(Task requirements)
Every line holding the word "Woman" should be copied from the material.

======== Extracted data

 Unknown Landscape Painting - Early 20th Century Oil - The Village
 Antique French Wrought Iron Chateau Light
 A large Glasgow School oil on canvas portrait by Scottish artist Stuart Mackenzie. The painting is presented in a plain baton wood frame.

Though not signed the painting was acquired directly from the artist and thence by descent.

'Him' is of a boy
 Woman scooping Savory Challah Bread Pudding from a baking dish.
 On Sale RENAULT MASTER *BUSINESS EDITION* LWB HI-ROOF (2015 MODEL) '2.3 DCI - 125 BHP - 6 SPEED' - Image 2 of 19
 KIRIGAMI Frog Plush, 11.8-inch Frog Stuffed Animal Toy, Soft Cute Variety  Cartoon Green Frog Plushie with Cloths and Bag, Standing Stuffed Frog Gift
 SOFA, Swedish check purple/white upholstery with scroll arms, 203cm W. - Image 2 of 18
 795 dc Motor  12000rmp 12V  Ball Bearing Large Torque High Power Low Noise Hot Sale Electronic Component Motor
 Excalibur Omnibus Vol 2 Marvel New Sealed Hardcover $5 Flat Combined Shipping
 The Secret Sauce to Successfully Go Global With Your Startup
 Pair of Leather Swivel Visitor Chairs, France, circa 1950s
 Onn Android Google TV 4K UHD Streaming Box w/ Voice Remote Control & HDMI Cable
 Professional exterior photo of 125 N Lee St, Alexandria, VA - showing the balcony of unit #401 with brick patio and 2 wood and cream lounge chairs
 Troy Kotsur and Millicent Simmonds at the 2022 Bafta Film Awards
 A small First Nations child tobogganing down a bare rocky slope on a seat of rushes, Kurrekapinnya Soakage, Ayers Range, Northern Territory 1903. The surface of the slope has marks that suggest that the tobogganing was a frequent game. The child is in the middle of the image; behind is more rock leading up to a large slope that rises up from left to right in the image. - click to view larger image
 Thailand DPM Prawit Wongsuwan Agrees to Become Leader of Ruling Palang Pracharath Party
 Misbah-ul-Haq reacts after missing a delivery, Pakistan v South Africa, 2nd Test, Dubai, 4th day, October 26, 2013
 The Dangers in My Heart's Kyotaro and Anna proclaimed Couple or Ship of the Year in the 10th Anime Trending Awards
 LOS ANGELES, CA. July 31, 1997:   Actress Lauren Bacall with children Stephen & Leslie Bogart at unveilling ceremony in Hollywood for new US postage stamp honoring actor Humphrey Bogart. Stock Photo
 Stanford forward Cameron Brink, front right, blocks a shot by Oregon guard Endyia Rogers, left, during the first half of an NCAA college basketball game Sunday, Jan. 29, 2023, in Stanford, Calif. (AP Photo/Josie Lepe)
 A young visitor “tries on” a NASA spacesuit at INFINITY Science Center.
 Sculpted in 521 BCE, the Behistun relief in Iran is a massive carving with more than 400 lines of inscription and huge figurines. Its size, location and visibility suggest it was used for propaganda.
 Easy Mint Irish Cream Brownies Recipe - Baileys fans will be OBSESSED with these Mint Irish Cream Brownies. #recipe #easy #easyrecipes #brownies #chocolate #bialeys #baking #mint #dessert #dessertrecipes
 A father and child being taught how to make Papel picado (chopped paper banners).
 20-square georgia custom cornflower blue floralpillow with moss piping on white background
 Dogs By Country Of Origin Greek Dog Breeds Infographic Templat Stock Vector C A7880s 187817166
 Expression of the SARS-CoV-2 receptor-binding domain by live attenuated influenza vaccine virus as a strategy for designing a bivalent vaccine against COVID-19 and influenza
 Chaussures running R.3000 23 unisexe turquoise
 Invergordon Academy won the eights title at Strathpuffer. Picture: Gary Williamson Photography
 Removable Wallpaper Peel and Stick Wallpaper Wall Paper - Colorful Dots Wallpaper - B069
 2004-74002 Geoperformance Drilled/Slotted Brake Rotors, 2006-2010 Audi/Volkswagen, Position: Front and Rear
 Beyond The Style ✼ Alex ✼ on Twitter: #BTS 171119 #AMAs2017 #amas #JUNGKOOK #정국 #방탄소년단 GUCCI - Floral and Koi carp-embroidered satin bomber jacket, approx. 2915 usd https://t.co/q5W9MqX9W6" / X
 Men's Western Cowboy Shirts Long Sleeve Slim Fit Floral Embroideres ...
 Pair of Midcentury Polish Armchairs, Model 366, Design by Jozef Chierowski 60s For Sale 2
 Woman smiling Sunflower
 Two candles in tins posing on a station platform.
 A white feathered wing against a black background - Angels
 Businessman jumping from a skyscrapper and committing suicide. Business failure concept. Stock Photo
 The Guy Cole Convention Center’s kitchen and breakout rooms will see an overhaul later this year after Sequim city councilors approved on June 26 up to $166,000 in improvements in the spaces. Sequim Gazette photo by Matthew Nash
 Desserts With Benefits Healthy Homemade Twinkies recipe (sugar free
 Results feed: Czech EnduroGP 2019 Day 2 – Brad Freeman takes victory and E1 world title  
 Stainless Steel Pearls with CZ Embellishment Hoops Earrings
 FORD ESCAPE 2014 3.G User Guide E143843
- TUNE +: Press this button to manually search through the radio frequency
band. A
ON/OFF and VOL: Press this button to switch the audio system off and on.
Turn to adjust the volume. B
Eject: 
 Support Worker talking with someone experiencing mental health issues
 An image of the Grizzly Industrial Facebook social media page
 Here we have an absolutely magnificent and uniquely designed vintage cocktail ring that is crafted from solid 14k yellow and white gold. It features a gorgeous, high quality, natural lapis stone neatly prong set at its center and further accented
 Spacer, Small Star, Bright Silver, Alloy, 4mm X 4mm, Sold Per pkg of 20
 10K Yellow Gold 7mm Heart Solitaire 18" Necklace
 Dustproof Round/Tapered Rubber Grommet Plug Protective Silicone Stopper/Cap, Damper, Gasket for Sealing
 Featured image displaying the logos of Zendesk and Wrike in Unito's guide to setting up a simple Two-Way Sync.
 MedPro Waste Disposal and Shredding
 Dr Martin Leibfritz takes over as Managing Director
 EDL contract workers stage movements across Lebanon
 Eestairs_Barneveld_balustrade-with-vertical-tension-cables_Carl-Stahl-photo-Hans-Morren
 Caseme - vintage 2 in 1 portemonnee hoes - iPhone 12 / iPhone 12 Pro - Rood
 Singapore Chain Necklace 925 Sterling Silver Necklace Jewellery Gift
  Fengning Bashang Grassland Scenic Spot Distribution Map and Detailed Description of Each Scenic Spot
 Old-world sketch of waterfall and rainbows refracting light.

================

(Output below)
 Woman scooping Savory Challah Bread Pudding from a baking dish.
 Woman smiling Sunflower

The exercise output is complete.